Making the best of one lap in life


By Todd Franko

I’m a dad in progress, as I’ve said.

This week’s work session involved death.

In the realm of fatherly discussions, I was expecting the sex talk to be more challenging.

Death snuck up on me, or, in this case, the discussion of it snuck up on me during a car ride home this week. It wasn’t forecasted. It just happened.

We were discussing a friend’s relations with his grandparents, and it reminded my son of his late grandparents.

Like a Florida thunderstorm, the emotions poured.

And still like a Florida thunderstorm, it was over.

But in the days afterward, the storm stayed with me as I wondered how “dad in progress” handled it.

I also chatted with a friend who’s a counselor. She proclaims, in a tongue-in-cheek way, to be a “pro at grief.”

I got props for not shutting down the conversation.

Too many people, she advised, often make the mistake of shielding kids from death.

“They need to accept loss and change,” she said.

By not exposing kids to certain things, we actually develop fears in them, she believes.

It’s important to simplify the topic for kids, but still address death, she said.

There are triggers everywhere, and that our discussion came up in a chat about someone else’s grandparents was no big surprise.

She encourages memorials, tree plantings and honoring special days such as birthdays and even death days.

My discussion approach did not go that way. But what I did do got the death pro’s OK.

My manager mode, not dad, seemed to naturally engage, and I tried to turn a negative into a positive. Then in bumbling dad mode, I then made it a negative again, then a positive, then a ...

I encouraged him that it’s OK to miss his grandparents, but do so in a way that evokes smiles, like discussing the time that Grandpa was the silliest or deciding what Grandma did that you liked the most.

Then, I just threw out there that death happens — that I won’t be around forever, and neither will he.

As I said it, I paused. As a kid, that’s my only memory of the death talk; the gained knowledge that I, too, will die some day.

I remember thinking, “That’s a crummy rule to make. Who the heck did that?”

Like navigating downtown Pittsburgh, I was unsure where to go next with my fatherly chat. The manager in me returned, telling me not to stress death, but life, and its one chance.

And I pulled the “that’s why I’m tough on you” card.

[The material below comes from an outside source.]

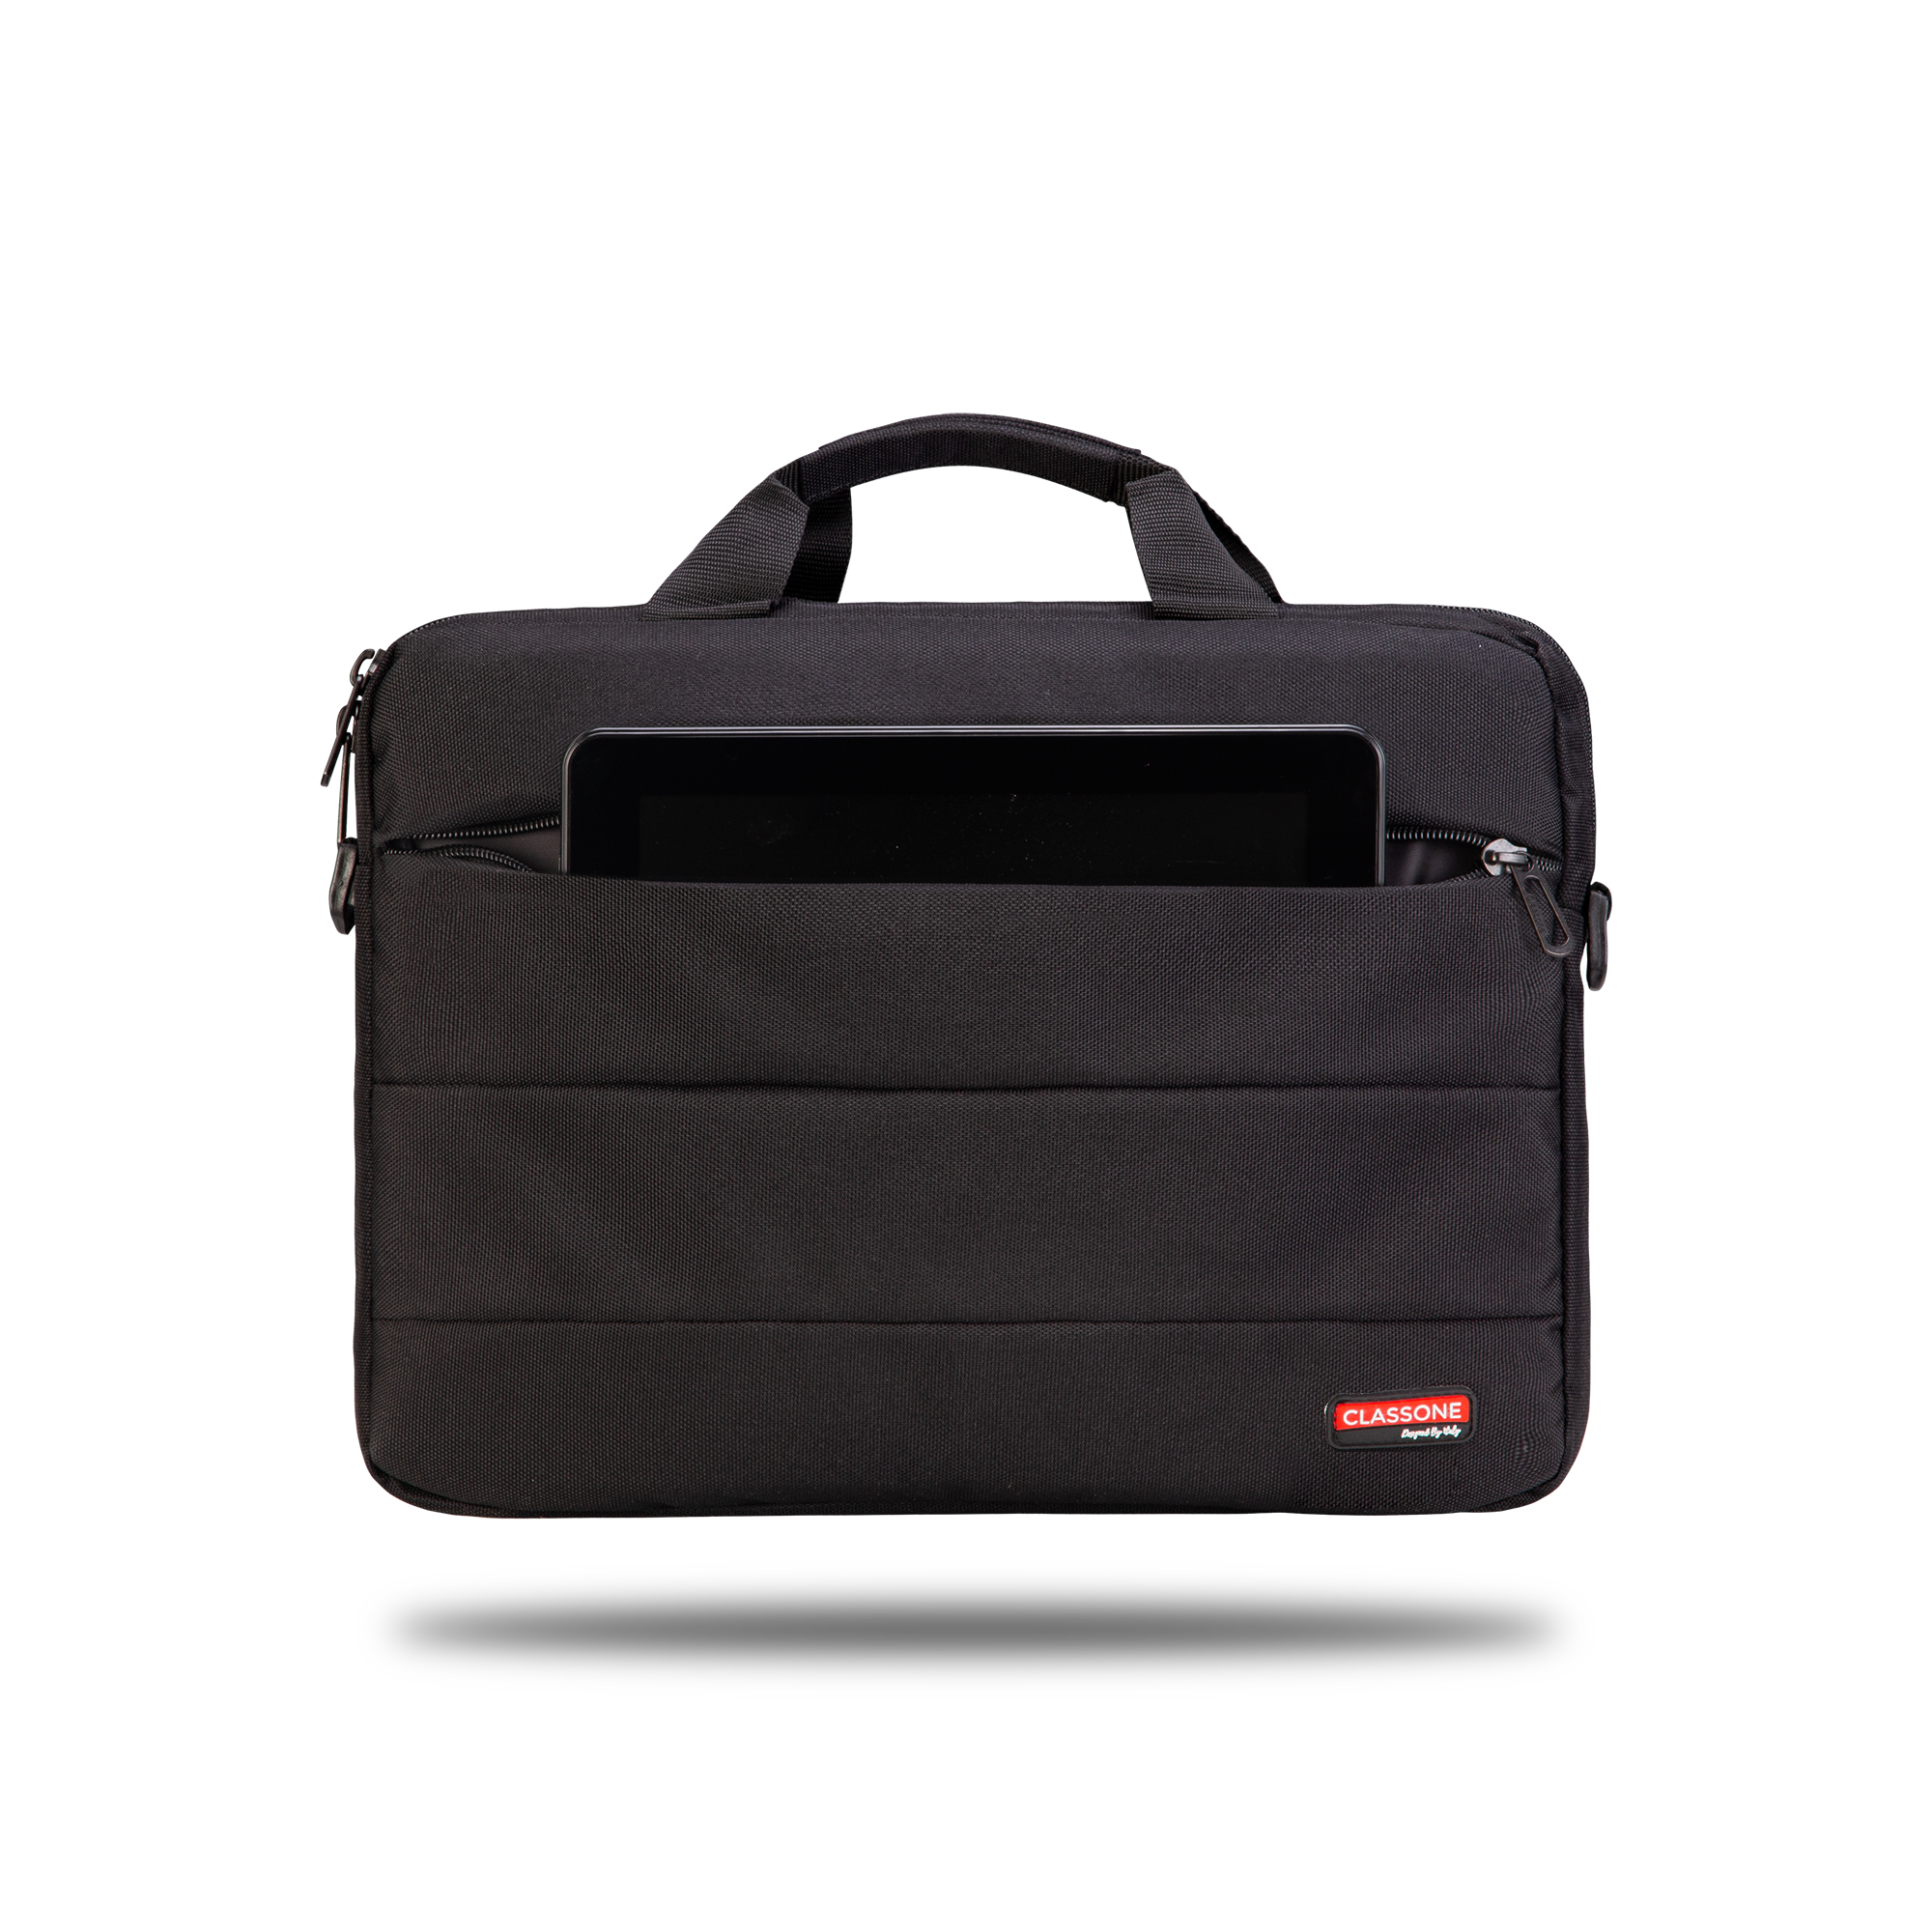 Classone Romeo Medium Serisi TL2400 WTXpro Su Geçirmez Kumaş 13-14 inch uyumlu Laptop Çantası-Siyah

Yes, I did. I’m sorry. I know what you’re thinking. It’s Sunday — don’t swear at me. I did so in a fatherly way.

I was thrilled this summer when our oldest seemed to stake first claim in our neighborhood youth lawn-cutting services. He set a goal. He established discipline. He built a business.

Part of me hoped my jerklike tendencies helped in some way.

Our conversation closed with that example, and how pivotal the lawn-cutting was in maximizing moments, minutes and months.

Remember those who no longer walk with us, I said. But let them also be a reminder that your turn at life happens just once.

Make it the best lap, because it’s your one lap.